То было золотое время моих странствий с Полой. Возможно, лучше было оставить все как есть. Но в один прекрасный день я огляделся и понял, насколько разрослось наше предприятие. У нас теперь были руководители групп, секретари для расшифровки протоколов встреч и вступительных интервью участников, преподаватели, курирующие студентов-наблюдателей. Я решил, что для таких масштабов необходим приток капитала, и начал искать средства для научных исследований — для поддержания группы на плаву. Я не считал, что профессионально занимаюсь смертью, и потому никогда не брал денег с участников групп и даже не спрашивал, есть ли у них медицинская страховка. Но я посвящал группе достаточно много времени и сил, а у меня были моральные обязательства перед Стэнфордским университетом — я должен был как-то помогать ему компенсировать расходы на мою зарплату. И еще я чувствовал, что период, когда я учился быть руководителем группы раковых пациентов, подходит к концу — настала пора что-то сделать с нашим предприятием, исследовать его с научной точки зрения, оценить эффективность, опубликовать результаты, сделать так, чтобы о нас узнали, дать толчок возникновению подобных программ по всей стране. Короче, для меня настала пора продвигать наше предприятие и самому продвигаться.
Благоприятная возможность представилась, когда Национальный институт изучения рака начал собирать заявки на исследования социального поведения, связанного с раком груди. Я подал заявку и получил грант, который позволял мне оценить эффективность моего терапевтического подхода к больным раком груди в терминальной стадии. Это был простой, незамысловатый проект. Я был уверен, что мой подход позволяет улучшить качество жизни смертельно больных пациентов, и что мне осталось только разработать систему оценки — организовать заполнение анкет участниками до начала посещения группы и потом с регулярными интервалами.
Как видите, я стал чаще пользоваться местоимениями первого лица единственного числа: «Я решил… я применил… мой терапевтический подход». Оглядываясь назад и просеивая пепел своих отношений с Полой, я догадываюсь, что все эти местоимения предвещали распад нашей любви. Но тогда, проживая тот период, я не замечал ни малейших признаков порчи. Я помню только, что Пола наполняла меня светом, а я был ее незыблемой скалой, тихой гаванью, какую она искала, пока нам не посчастливилось найти друг друга.
В одном я уверен: проблемы начались вскоре после того, как я официально приступил к субсидированному исследованию. В наших отношениях появились сначала волосные трещинки, потом настоящие расселины. Возможно, первым явным признаком беды стали слова Полы: она чувствует, что этот исследовательский проект ее эксплуатирует. Я счел это заявление странным, потому что предоставил ей именно ту роль, которую она сама просила: она интервьюировала кандидатов в группу — все они были женщины с метастазированным раком груди — и помогала составлять анкеты для опросов.
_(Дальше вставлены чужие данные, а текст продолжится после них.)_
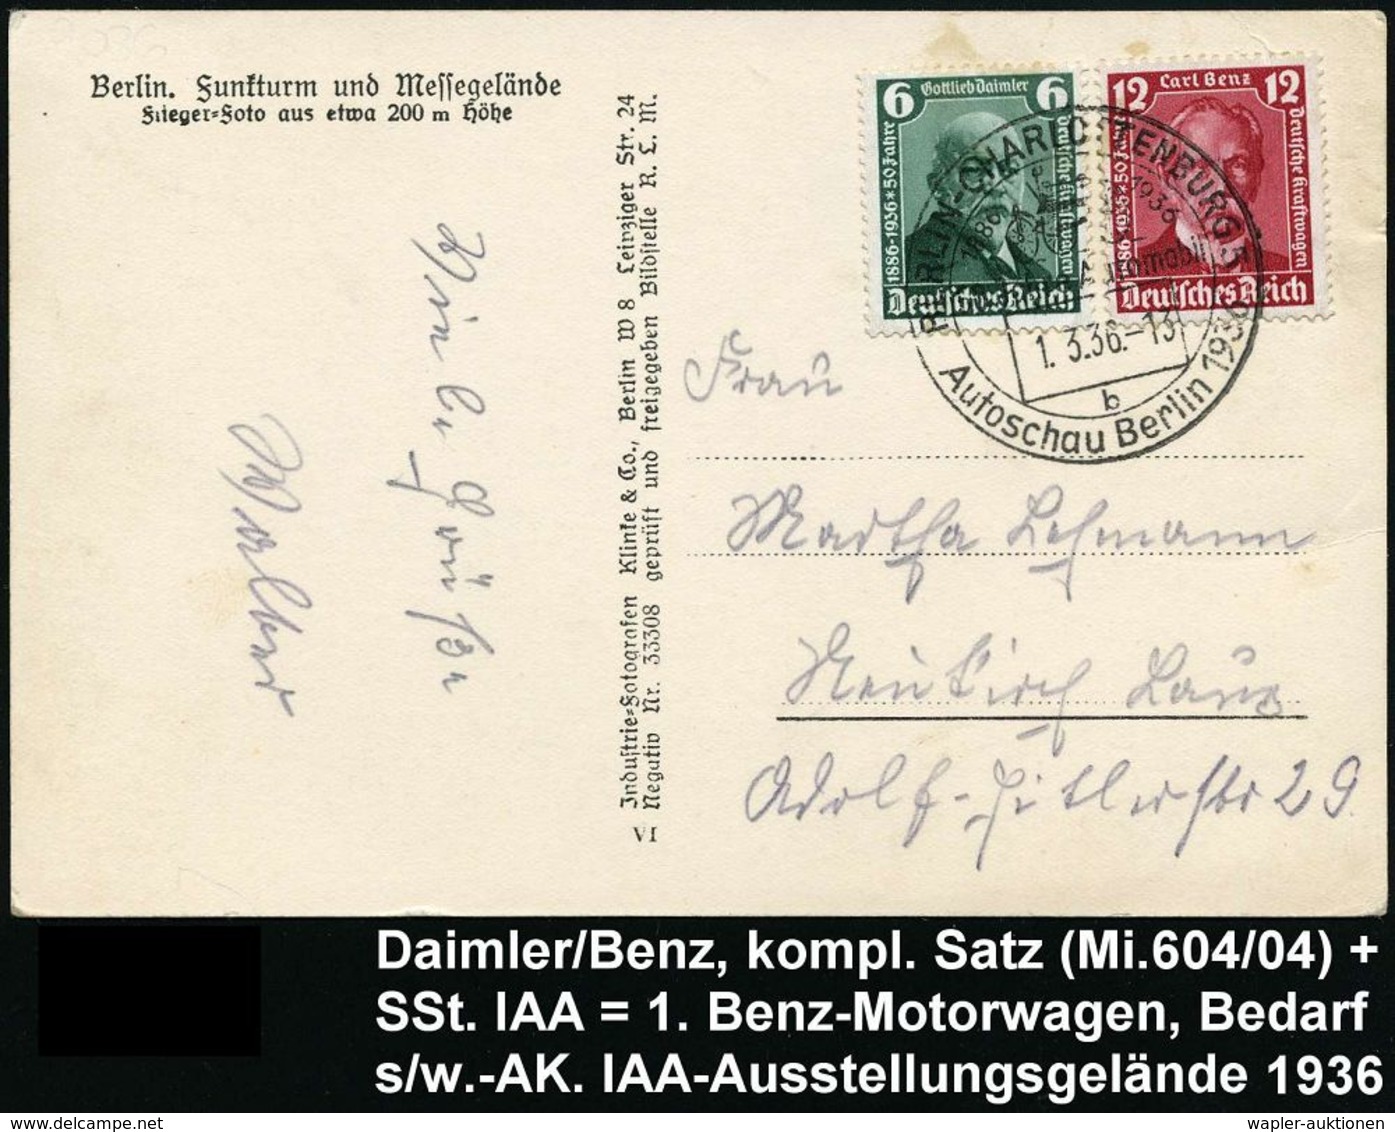 MERCEDES-BENZ  / DAIMLER BENZ : BERLIN-CHARLOTTENBURG 5/ 50 JAHRE AUTOMOBIL/ B/ Autoschau Berlin.. 1936 (1.3.) SSt = 1.  - Voitures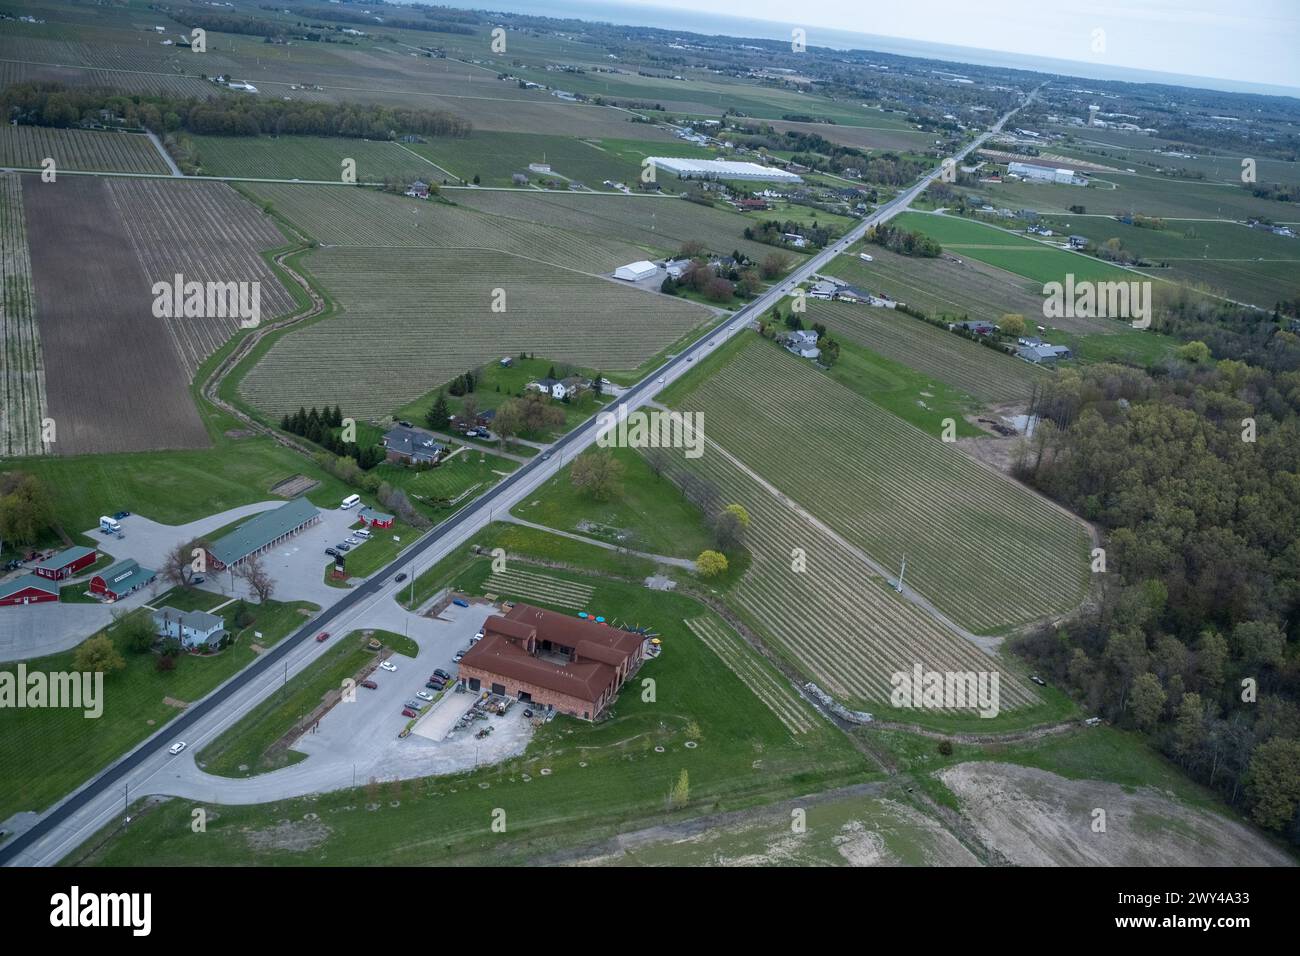 Vue aérienne d'un paysage rural dans la partie sud de la province de l'Ontario connu pour son agriculture et sa viticulture Niagara-on-the-Lake, Canad Banque D'Images

Более того, я позаботился, чтобы ей хорошо платили — гораздо больше, чем обычному референту, и больше, чем она сама запросила.
Через несколько недель у нас состоялся неприятный разговор. Пола сказала, что перетрудилась, и что ей нужно больше времени для себя. Я посочувствовал ей и постарался что-то предложить, чтобы снизить бешеный темп ее жизни.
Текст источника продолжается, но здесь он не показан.